Единственным другим секретом, который у меня был в начальной школе и младших классах, была отправка части моих карманных денег Билли Грэму после его крестового похода в Литл-Рок. Об этом я тоже никогда не рассказывал своим родителям или друзьям. Однажды, когда я шла к почтовому ящику возле нашей подъездной дорожки от Серкл Драйв с деньгами для Билли, я увидела, что папа работает на заднем дворе. Чтобы меня не заметили, я вышел через парадный вход на Парк-авеню, повернул направо и срезал дорогу к мотелю Perry Plaza по соседству. Наш дом стоял на холме. Перри Плаза находилась на плоской земле внизу. Когда я проехала примерно половину пути, папа посмотрел вниз и все равно увидел меня с письмом в руке.

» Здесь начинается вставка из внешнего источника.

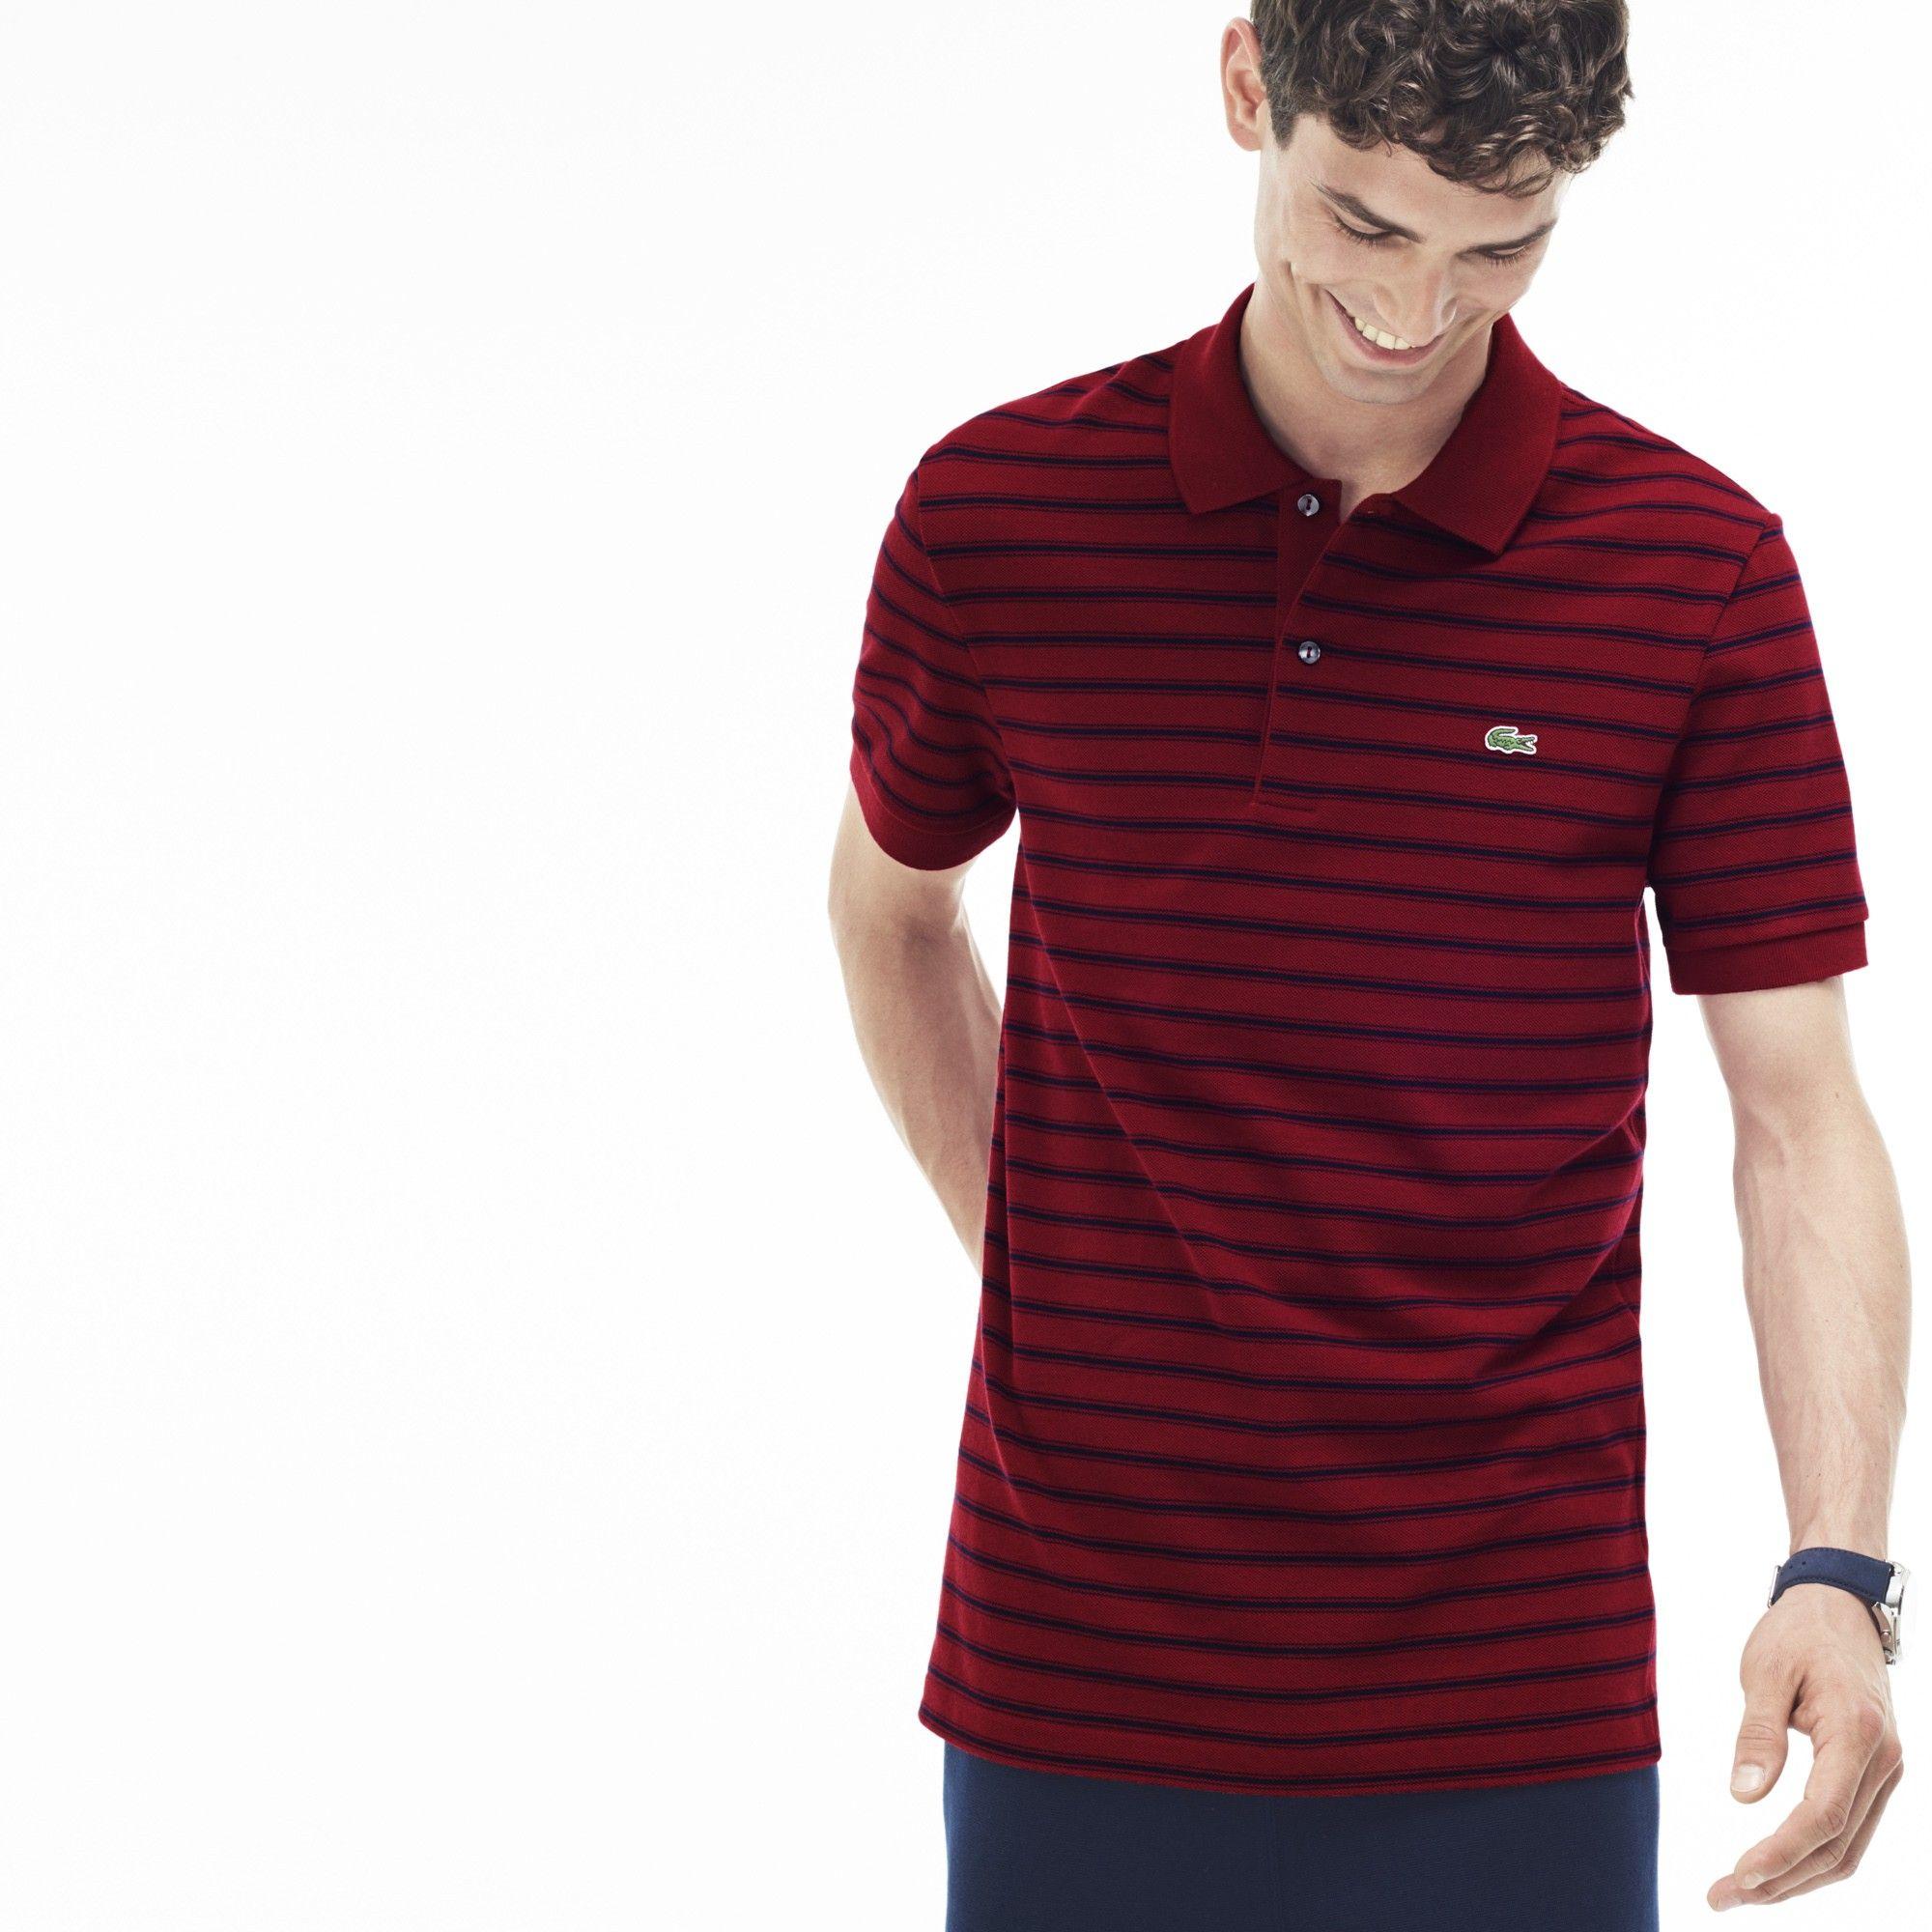 3ef715b09687f LACOSTE Men s Regular Fit Striped Cotton Petit Piqué Polo - turkey red blue  pigment c.  lacoste  cloth

Я подошла к почтовому ящику, опустила письмо и вернулась домой. Должно быть, ему было интересно, чем я занимаюсь, но он не спрашивал. Он никогда этого не делал. Думаю, у него было достаточно собственных секретов, которые нужно было хранить.
Вопрос о секретах - это тот, о котором я много думал на протяжении многих лет. Они есть у всех нас, и я думаю, что мы имеем на них право. Они делают нашу жизнь интереснее, и когда мы решаем поделиться ими, наши отношения становятся более значимыми. Место, где хранятся секреты, также может стать убежищем, убежищем от остального мира, где можно сформировать и подтвердить свою индивидуальность, где одиночество может принести безопасность и покой. Тем не менее, секреты могут быть ужасным бременем, особенно если с ними связано некоторое чувство стыда, даже если источником стыда не является владелец секрета . Или очарование наших секретов может быть слишком сильным, достаточно сильным, чтобы заставить нас почувствовать, что мы не можем жить без них, что мы даже не были бы теми, кто мы есть без них.
Конечно, я не начал понимать всего этого тогда, когда стал хранителем секретов. Тогда я даже не придавал этому особого значения. У меня хорошая память о столь многом из моего детства, но я не доверяю своей памяти, которая скажет мне точно, что я знал обо всем этом и когда я это узнал. Я знаю только, что для меня стало борьбой найти правильный баланс между секретами внутреннего богатства и секретами скрытых страхов и стыда, и что я всегда неохотно обсуждал с кем-либо самые трудные моменты своей личной жизни, включая серьезный духовный кризис, который я пережил в возрасте тринадцати лет, когда моя вера был слишком слаб, чтобы поддерживать определенную веру в Бога перед лицом того, чему я был свидетелем и через что проходил. Теперь я знаю, что эта борьба, по крайней мере частично, является результатом детства в семье алкоголиков и механизмов, которые я выработал, чтобы справиться с этим. Мне потребовалось много времени, чтобы просто понять это. Еще труднее было узнать, какие секреты хранить, какие отпустить, каких избегать в первую очередь. Я все еще не уверен, что понимаю это полностью. Похоже, что это будет проект на всю жизнь.
ШЕСТЬ
Я не знаю, как мама справлялась со всем этим так хорошо, как она. Каждое утро, независимо от того, что произошло накануне вечером, она вставала и надевала игривое выражение лица. И что это было за лицо. С того времени, как она вернулась домой из Нового Орлеана, когда я мог вставать достаточно рано, мне нравилось сидеть на полу в ванной и смотреть, как она наносит макияж на это прекрасное лицо.